* Exercise: All pictures are to be omitted while the lines starting at the line with "Instrumenty kryzysowego Public" and ending at the line with "Porta azul da igreja com plantas ao redor" in the material below are retyped exactly, both ends included.

* Data extract:

+ + + + + + +

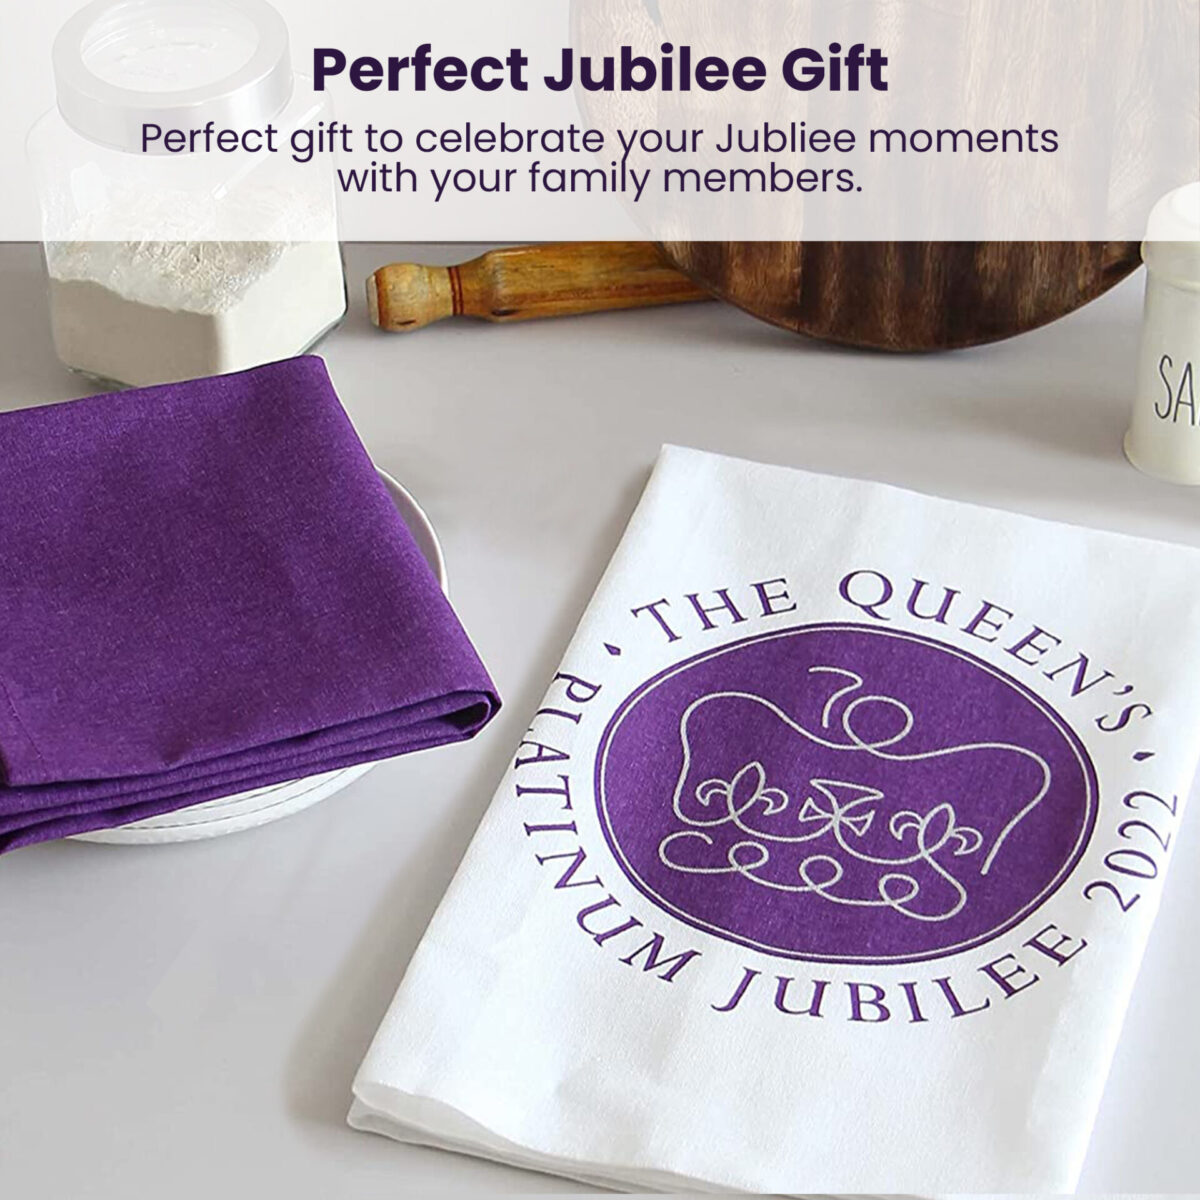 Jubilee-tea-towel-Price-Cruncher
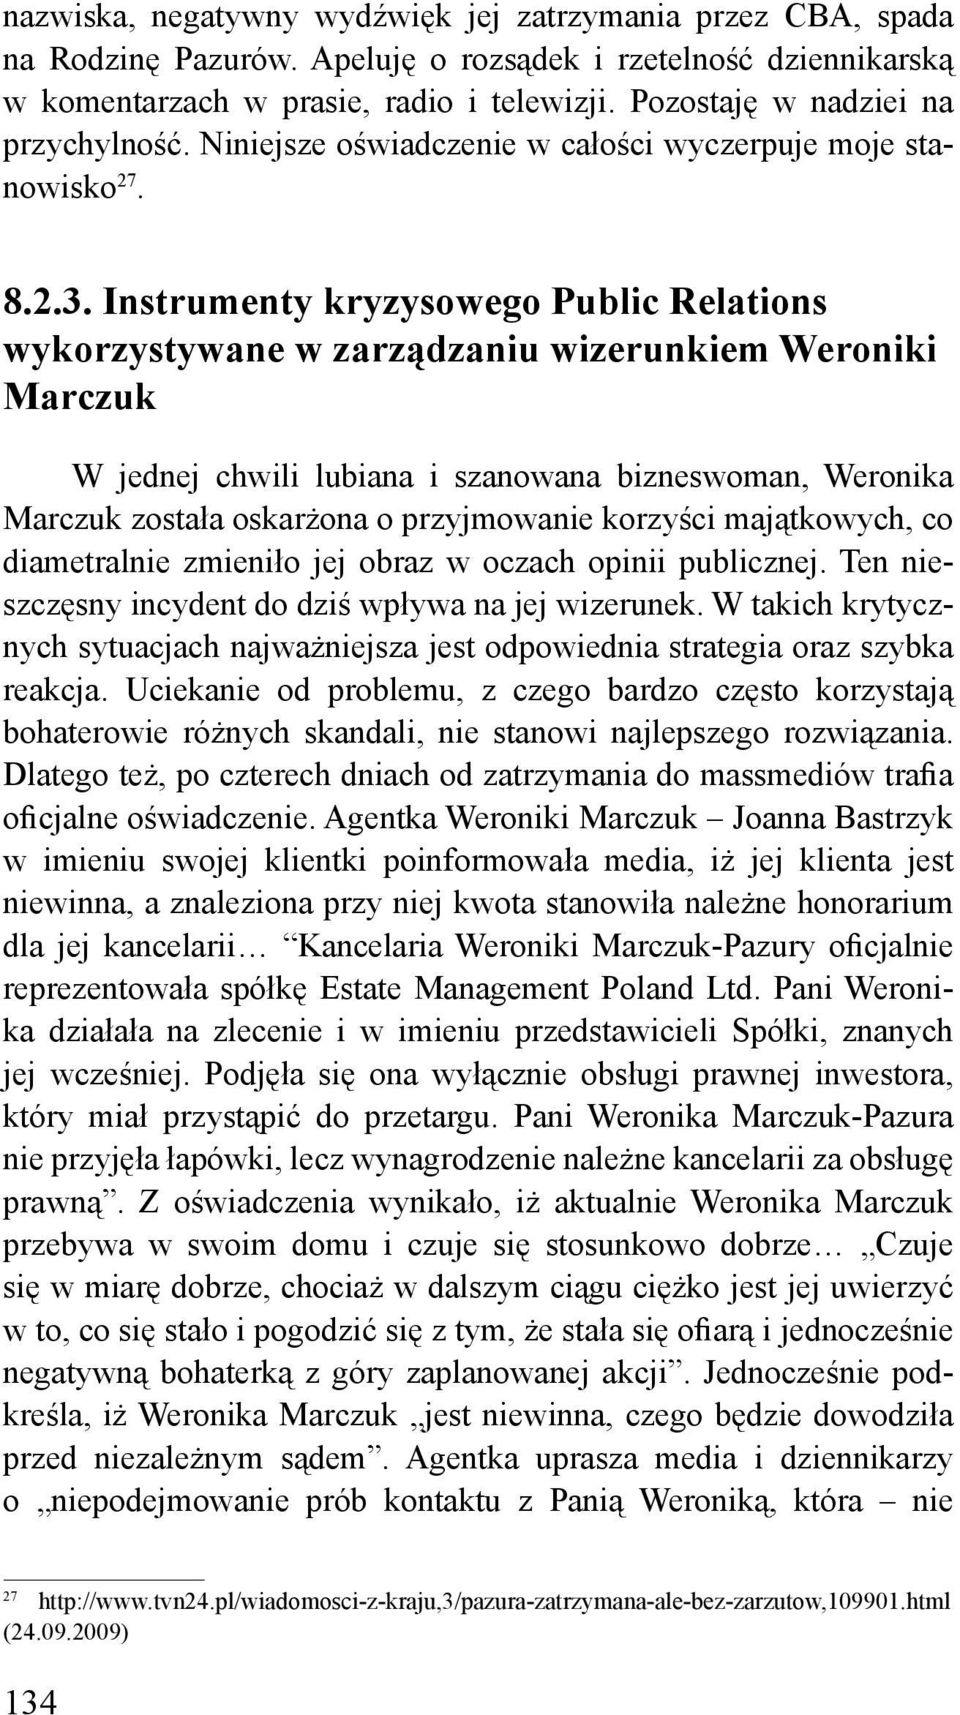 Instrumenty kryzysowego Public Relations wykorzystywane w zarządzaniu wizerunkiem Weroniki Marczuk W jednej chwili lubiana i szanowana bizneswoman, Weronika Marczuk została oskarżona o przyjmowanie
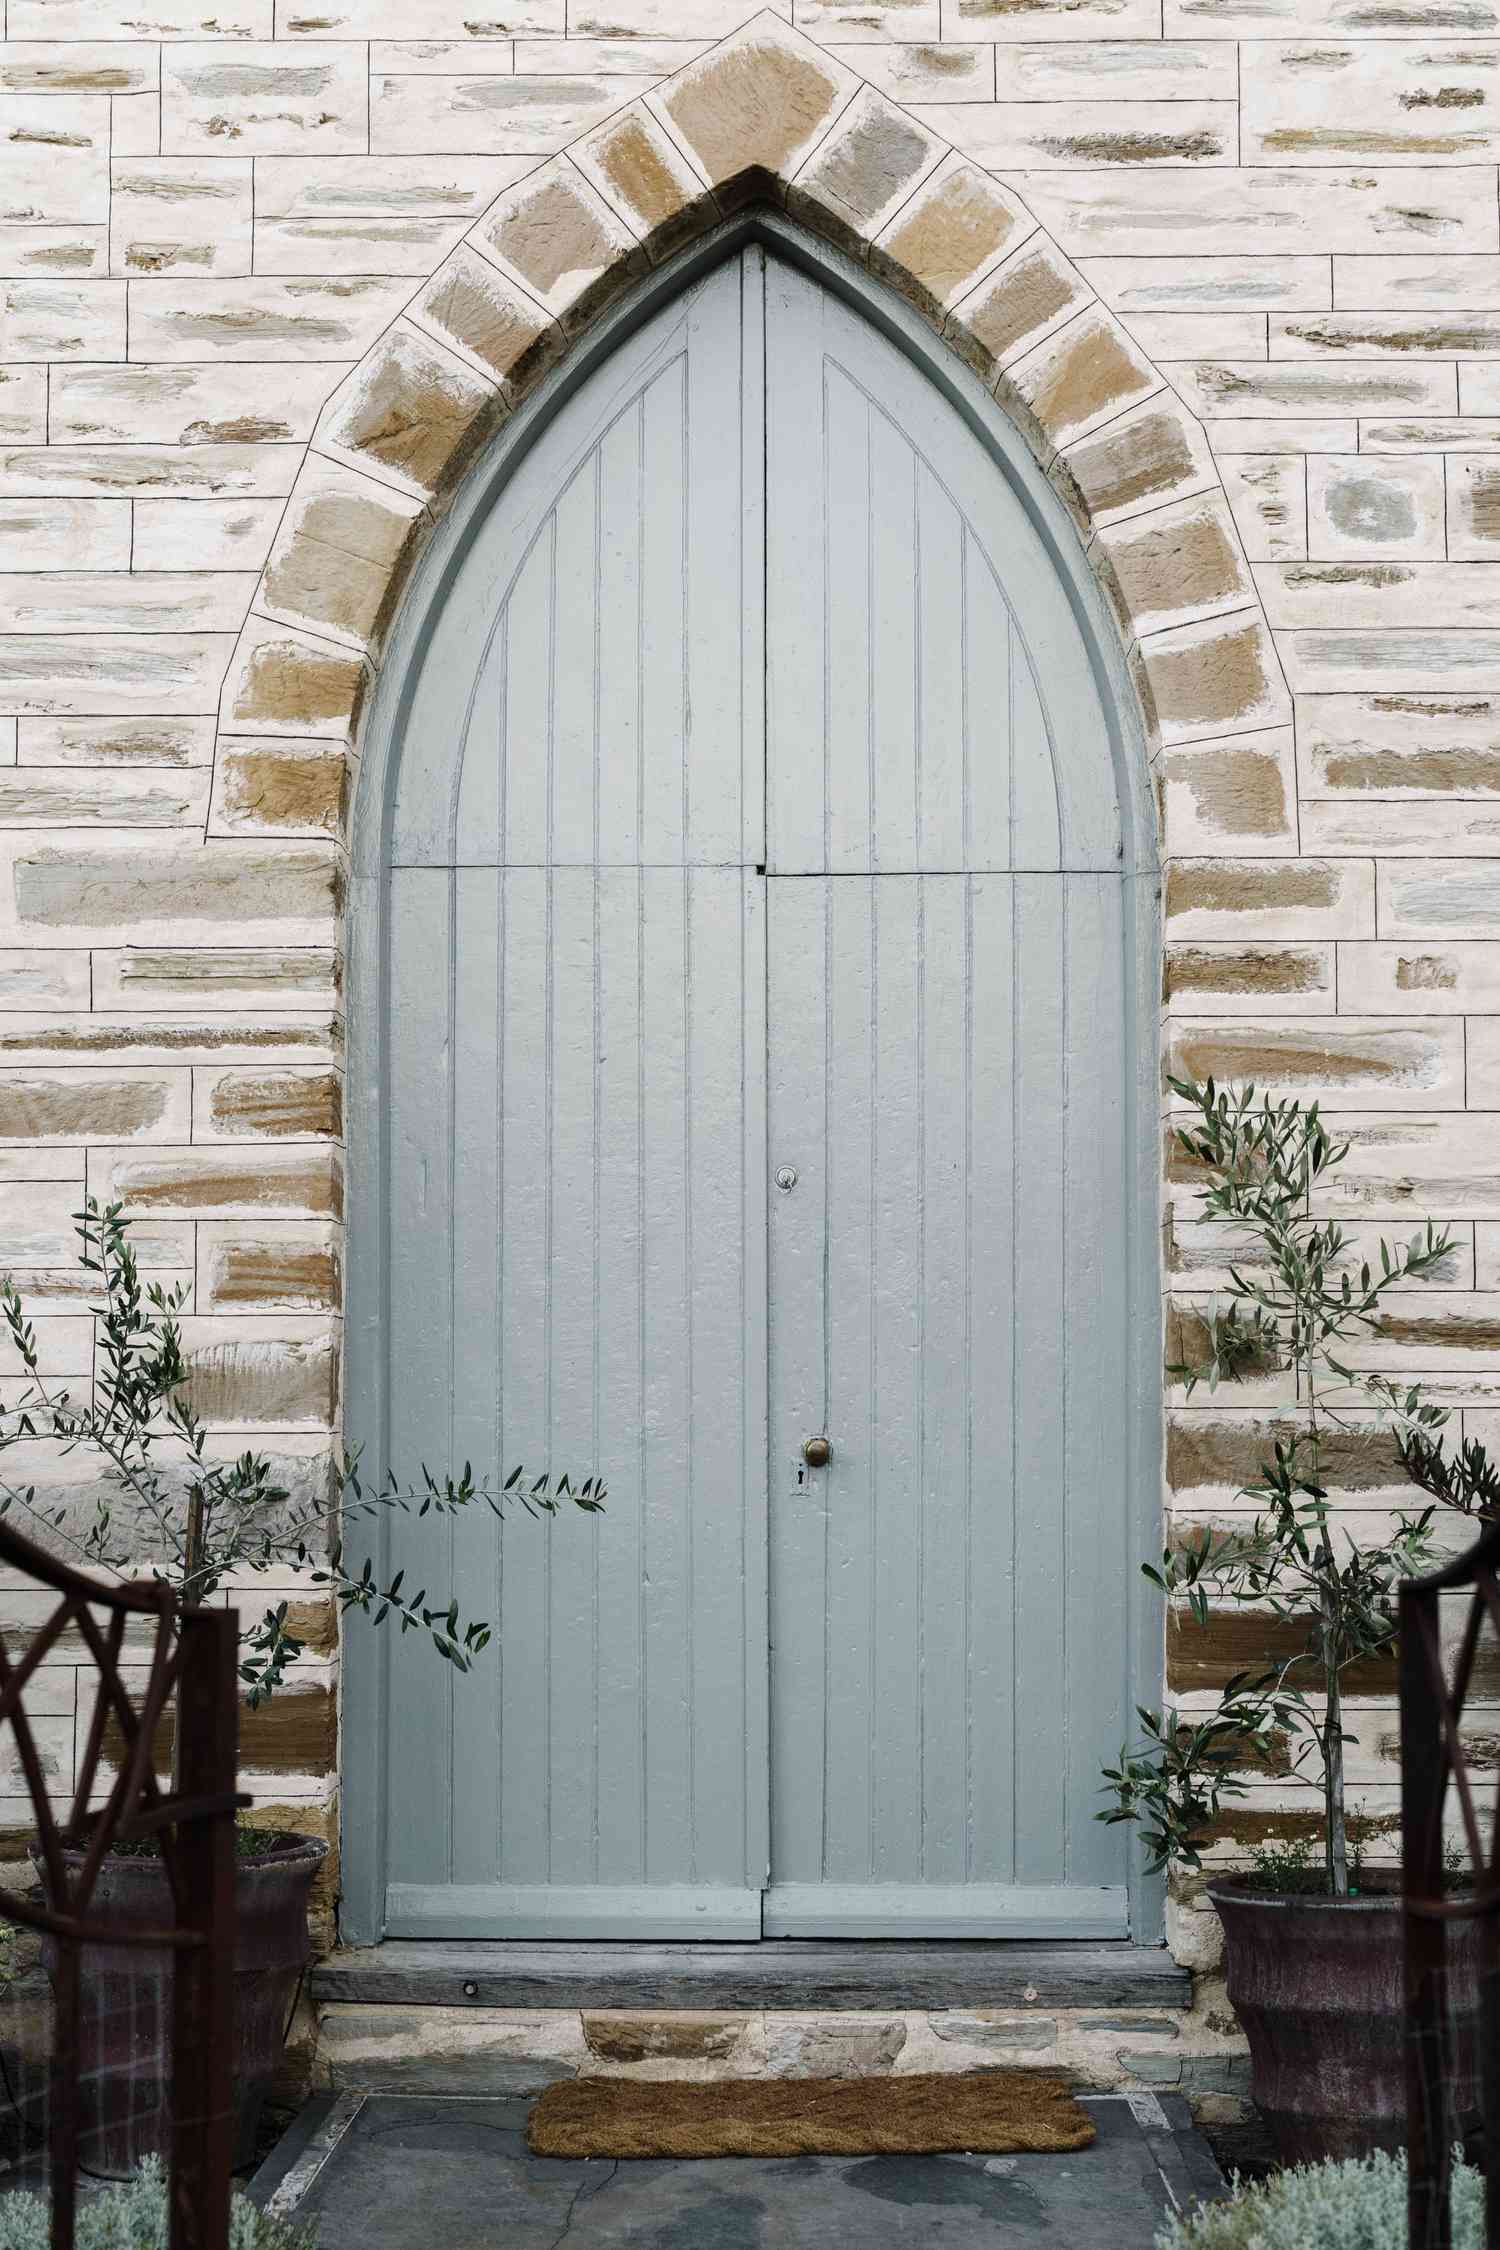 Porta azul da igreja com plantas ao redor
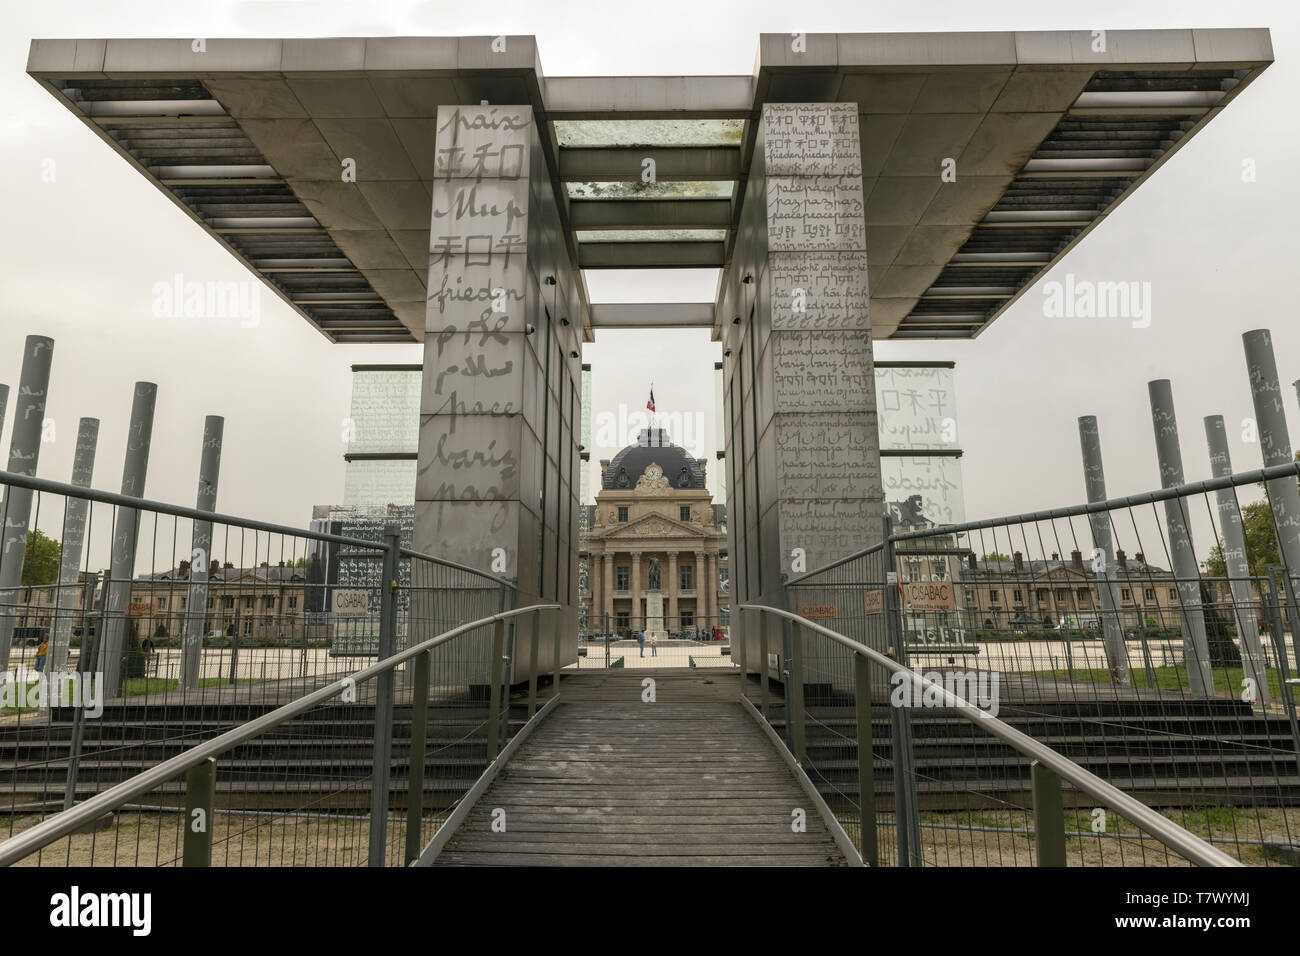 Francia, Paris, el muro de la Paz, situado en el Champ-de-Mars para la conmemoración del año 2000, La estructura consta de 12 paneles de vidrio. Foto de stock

+ + + + + + +

* Expected answer:
 Instrumenty kryzysowego Public Relations wykorzystywane w zarządzaniu wizerunkiem Weroniki Marczuk W jednej chwili lubiana i szanowana bizneswoman, Weronika Marczuk została oskarżona o przyjmowanie
 Porta azul da igreja com plantas ao redor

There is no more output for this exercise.